Using Decision Augmentation for Client Retention – with Emily Bremner of Signal AI

Nicholas DeNittis

Nick DeNittis writes and edits AI industry trends and use-cases for Emerj's editorial and client content. Nick holds an MS in Management from Troy University and has earned several professional analytics certificates, including from the Wharton School.

Using Decision Augmentation for Client Retention@2x

Actionable, decision-augmenting data can be obtained internally or externally. Of course, external data is a far richer and more diverse source, as it comprises every other piece of digital information outside of the four walls of an enterprise. 

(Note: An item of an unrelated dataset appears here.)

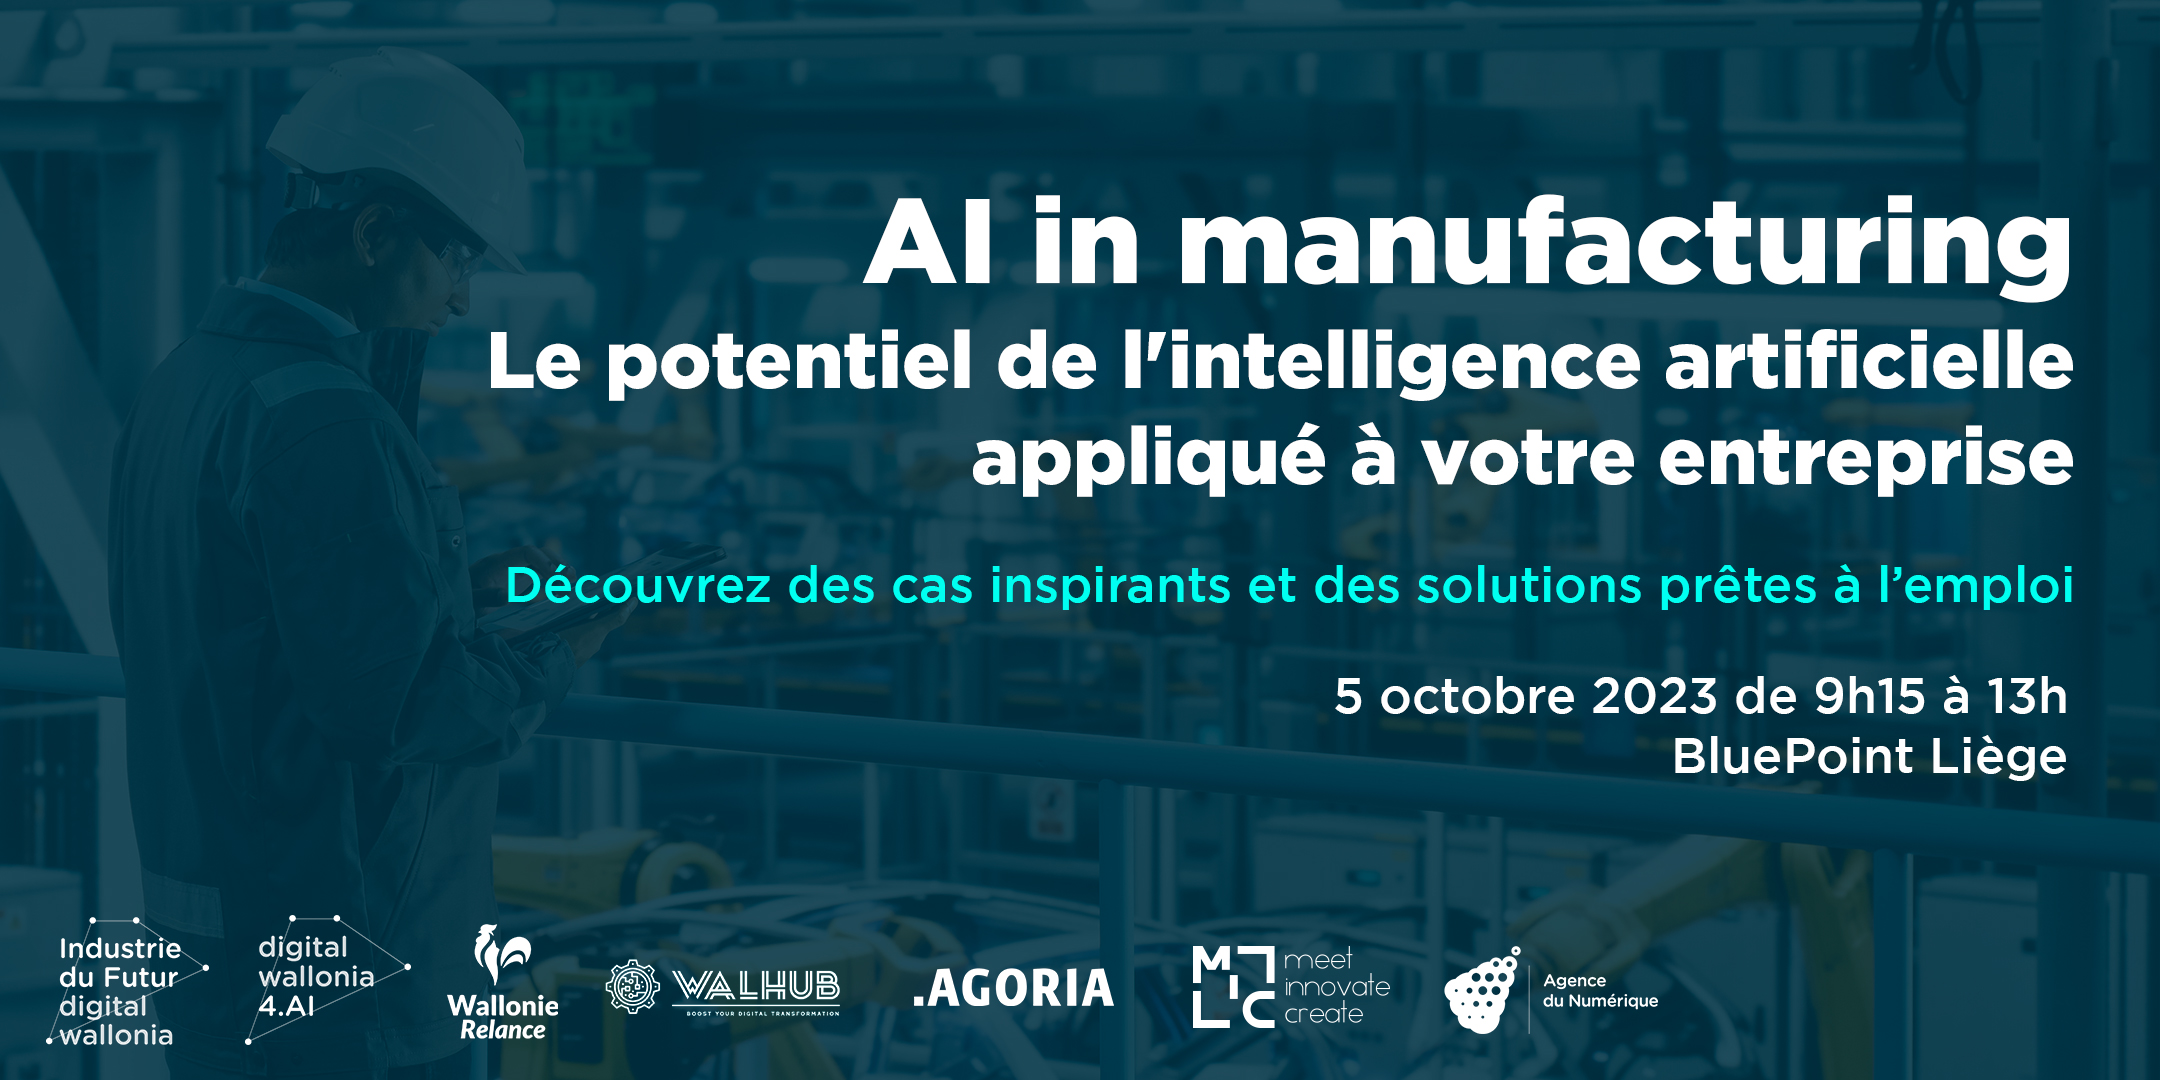 AI in manufacturing : the potential of artificial intelligence applied to your business

“External search” is a term used at Emerj to reference searching for and extracting data-driven insights from outside sources. That this external data is often both abundant and free of charge is appealing, but there are challenges. The main difficulty lies in building an infrastructure and workforce capable of “scraping,” cleaning, and converting raw data into actionable intelligence. 

While most enterprises now have at least passable competency in searching for and applying internal data, a fair share is deficient at gathering, refining, and acting on external data, according to a research article by McKinsey. 

Signal AI is a company that has positioned itself comfortably to address business challenges related to external search, having raised over $100 million on leveraging AI to search for actionable external data. The company offers an AI platform capable of extracting and interpreting various external data streams for its customers. 

Recently, we spoke with an executive on the front lines of Signal’s product creation and implementation. The primary use case in this episode is external search technology to develop and maintain client relationships by delivering valuable insights.

In this article, we extract three principal insights from our conversation with Emily:

  • Knowing your client’s business is invaluable in an advisory role: Keeping up with domain-specific concepts and iterating this knowledge – ideally, in the form of addressing customer needs and pain points – when appropriate builds trust and encourages repeat business.
  • “White-gloving” deliverables can be worth the effort: Delivering thorough customer onboarding and educating the client on how to use the product in an optimal way that fits their specific needs may lead to additional business opportunities.
  • Value is not always “measurable”: Business value does not necessarily need to be quantifiable in some instances, as there is potential value in knowing the client’s business, managing solution and technology expectations, and effectively communicating product capabilities. 

 

Guest: Emily Bremner, then-SVP of Product, Signal AI

Expertise: Product strategy, Organizational design, Project management

Brief Recognition: Before transitioning to a product advisory role at Signal AI, Emily was an executive at Signal AI for nearly four years, focusing on product and business strategy. Emily holds an MBA from the London Business School and an MA in International Relations and Economics from Johns Hopkins University, specializing in Quantitative Methods.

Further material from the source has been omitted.